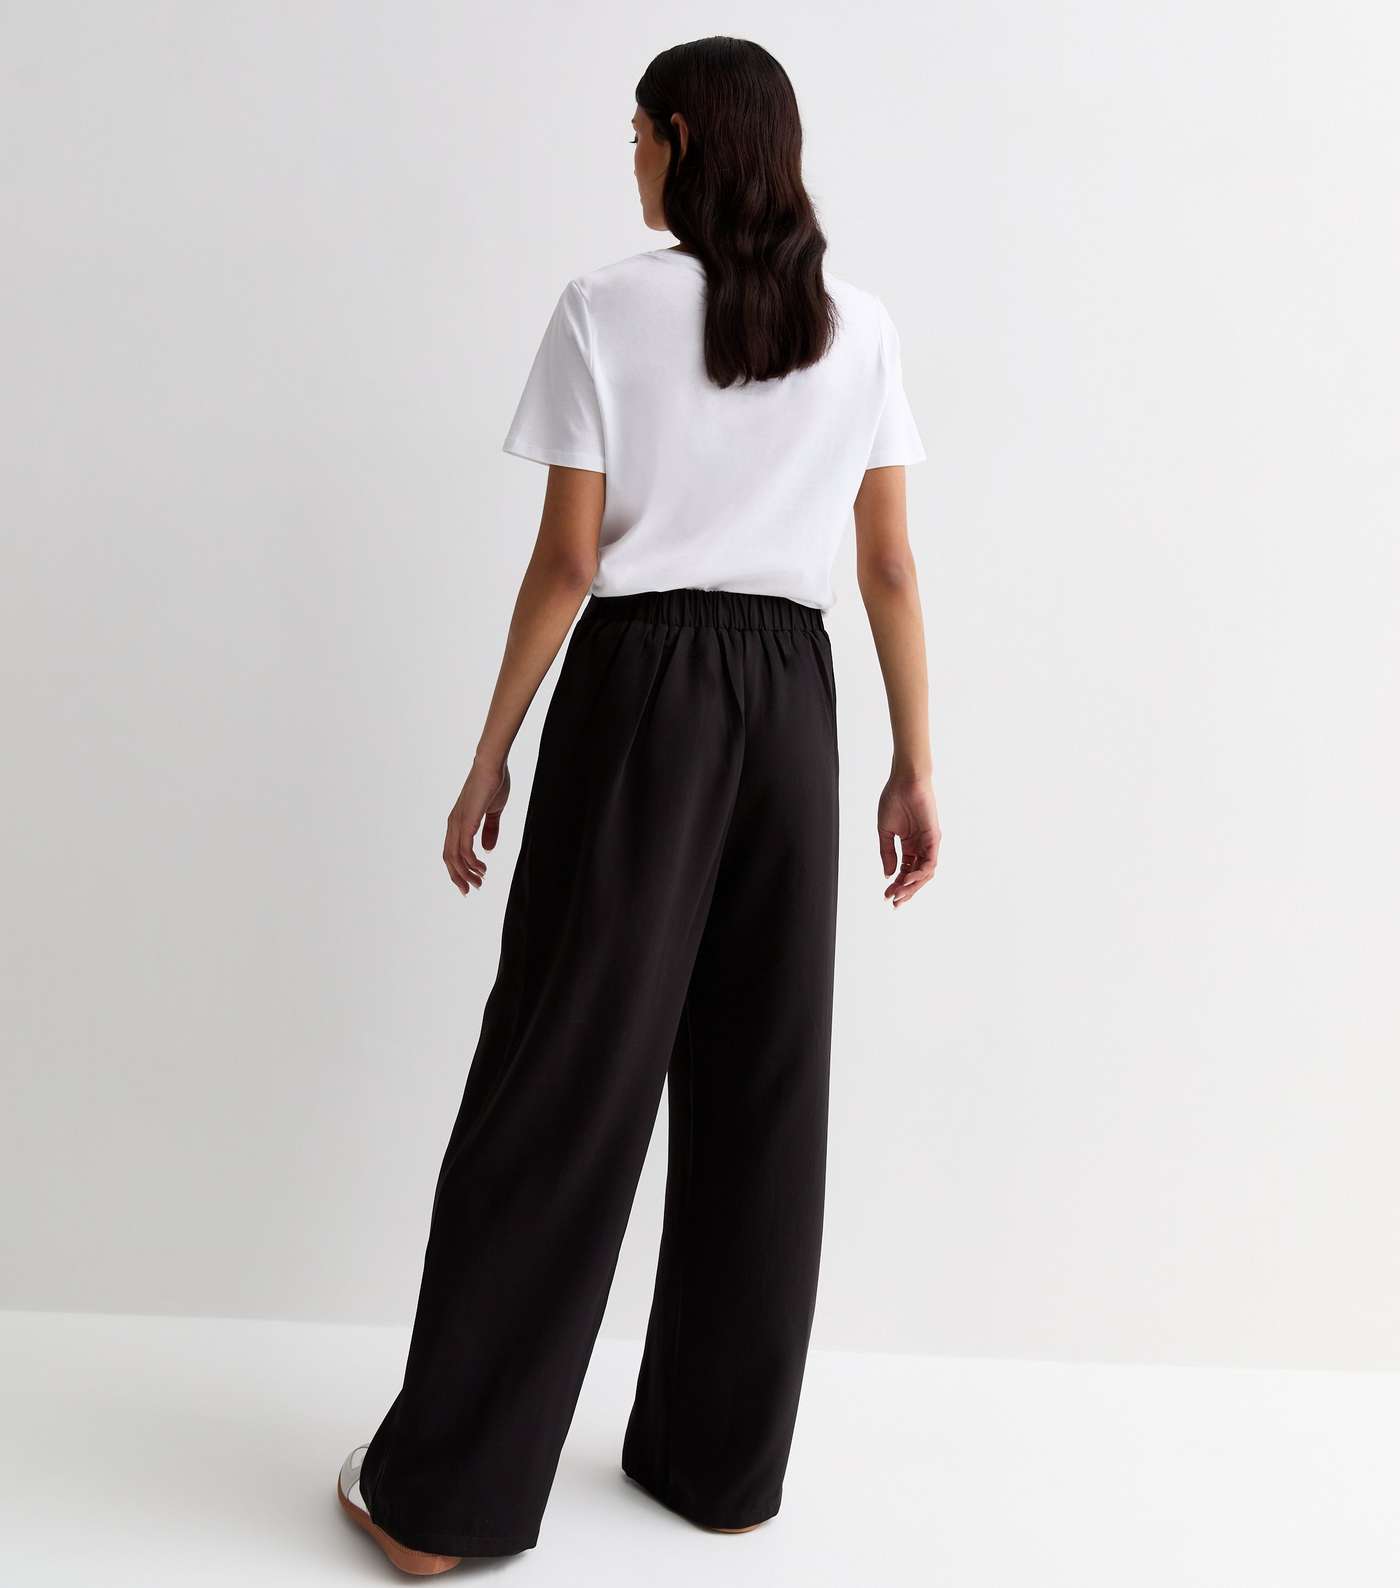 Black Elasticated Tailored Wide Leg Trousers Image 4
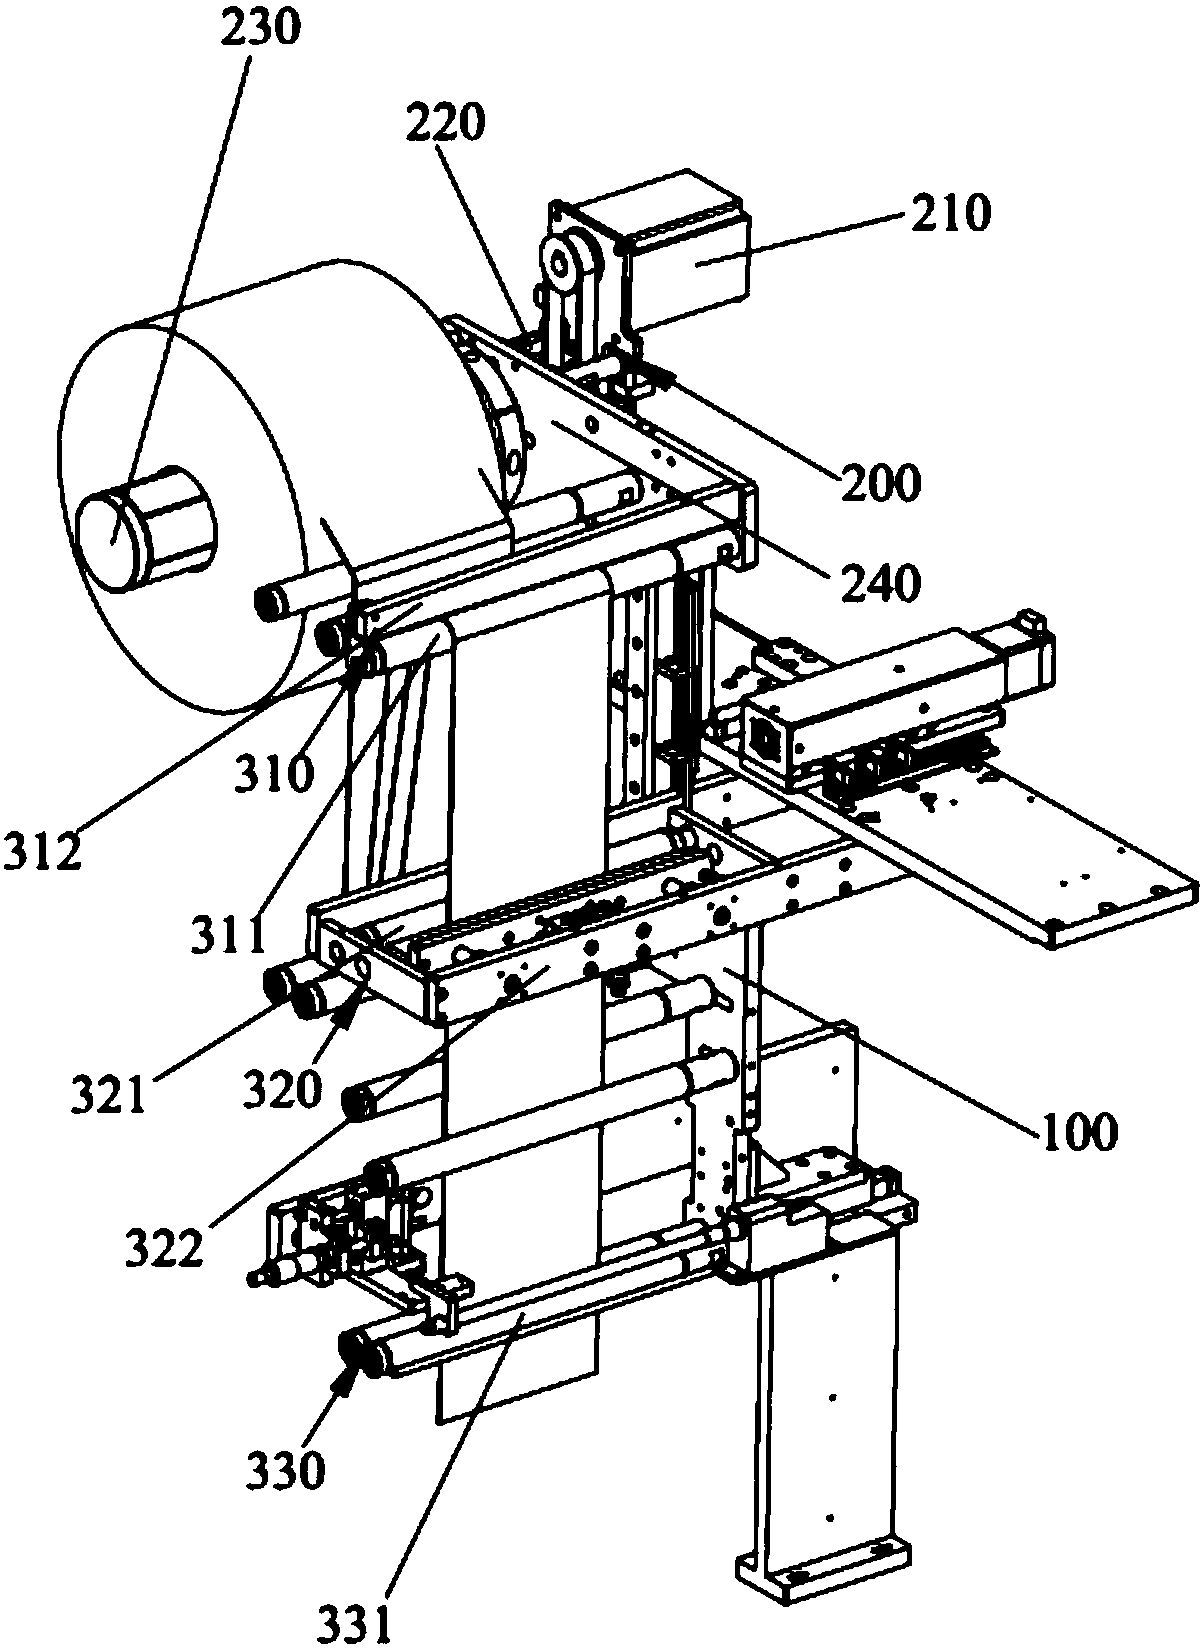 Automatic unwinding mechanism used for cloth
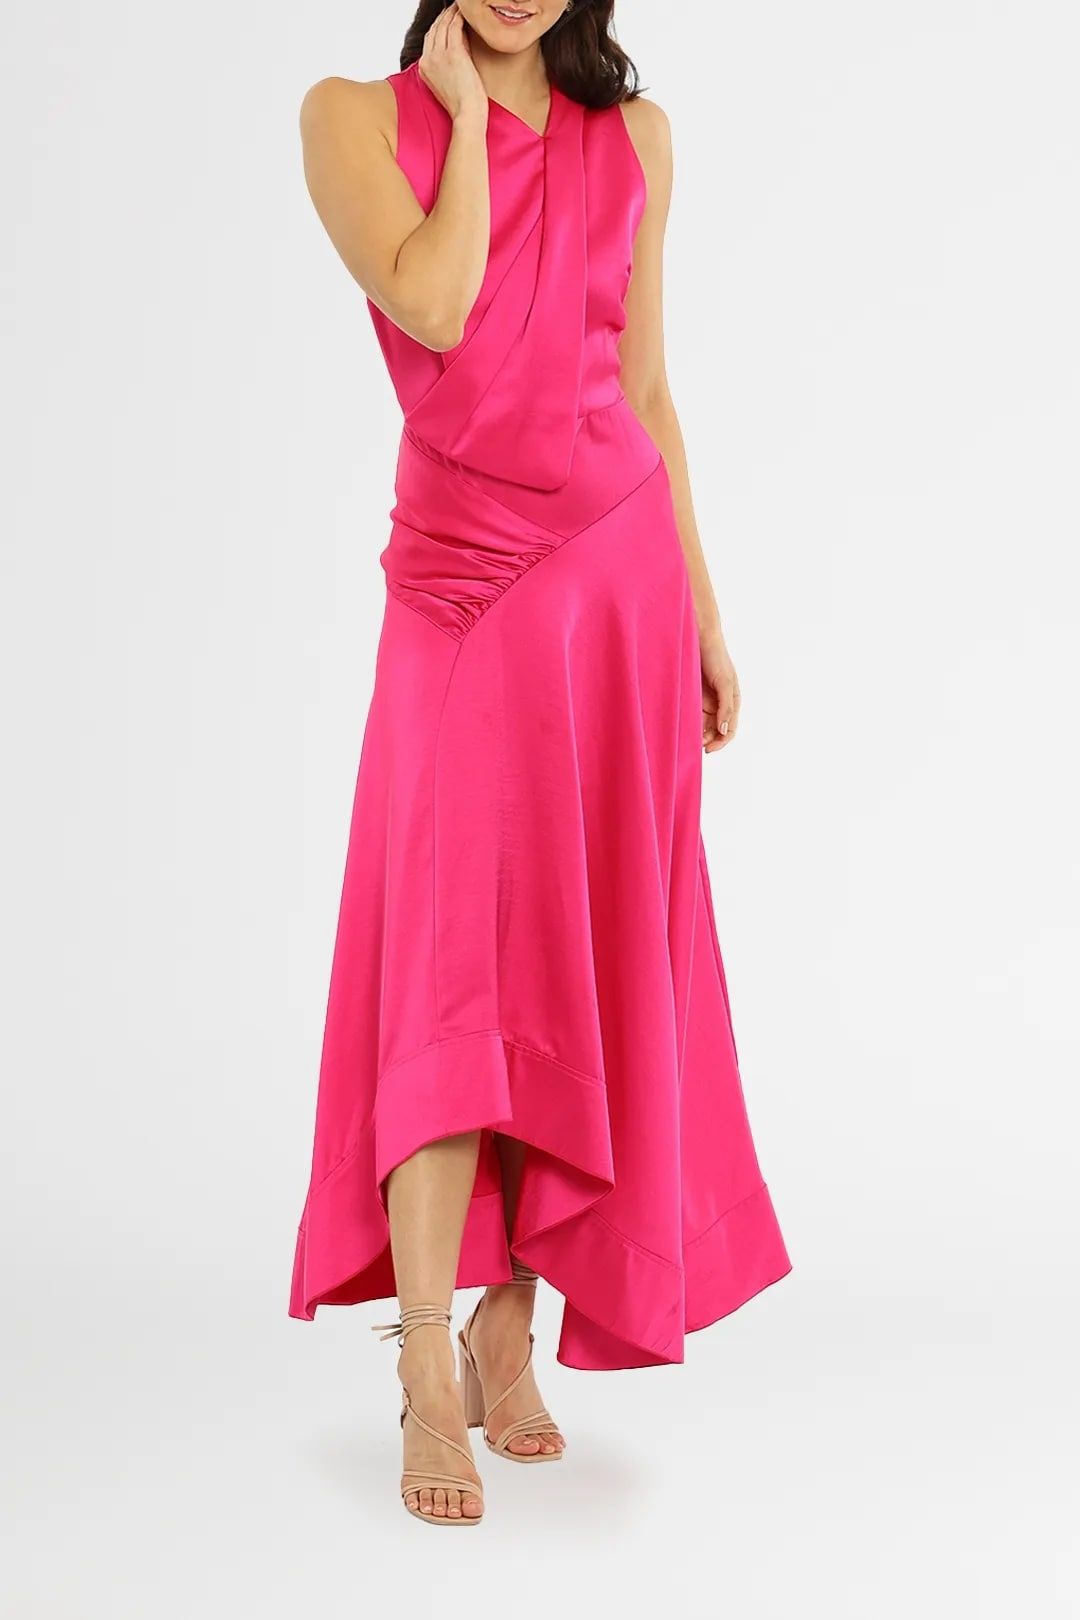 Hire Palmera dress in pink for summer events.
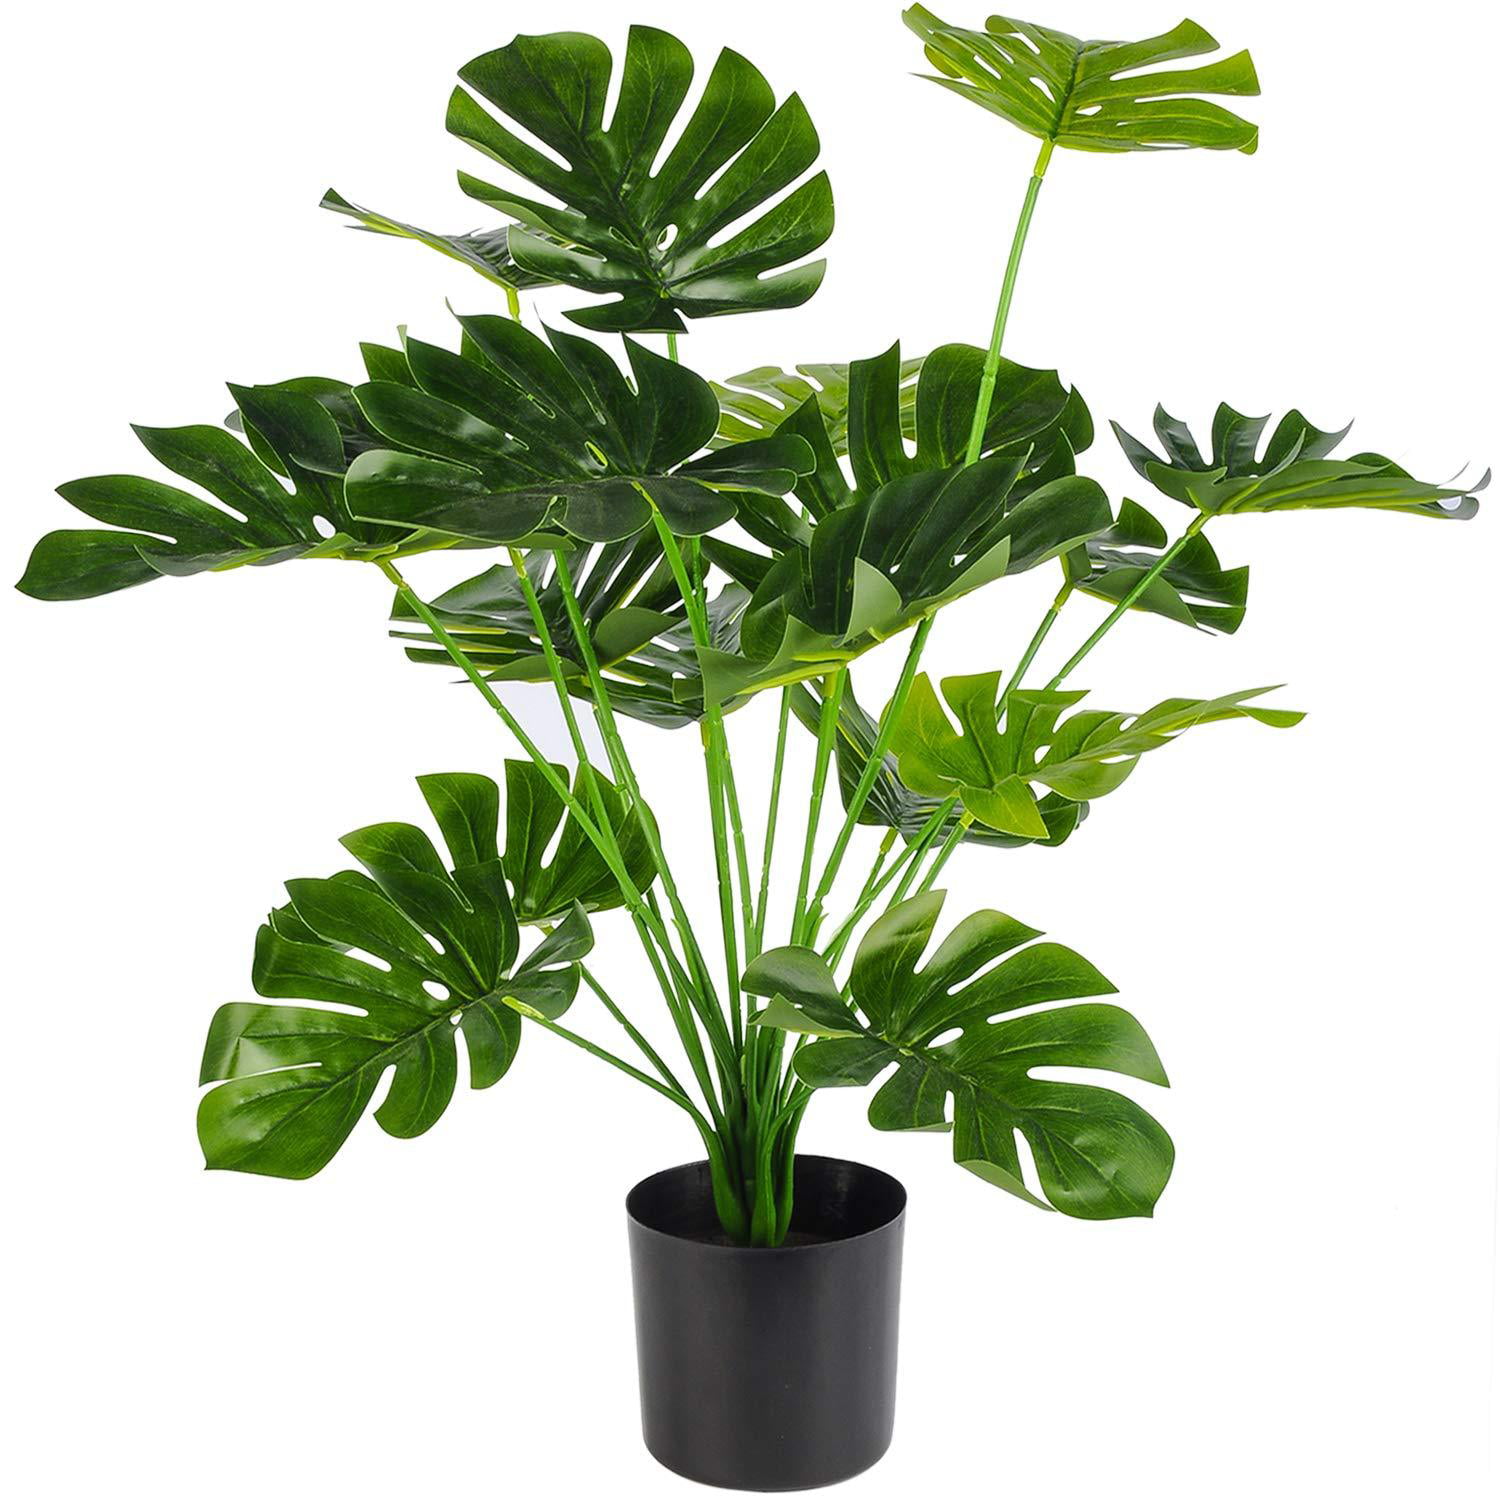 Artificial Plant Tree Flower Pot Ivy Outdoor Fake Large Medium Small Home Decor

* Task item *
Could you return the whole listing exactly, with every picture removed?

* Result *
 Black Elasticated Tailored Wide Leg Trousers Image 4
 Automatic unwinding mechanism used for cloth
 Hire Palmera dress in pink for summer events.
 Artificial Plant Tree Flower Pot Ivy Outdoor Fake Large Medium Small Home Decor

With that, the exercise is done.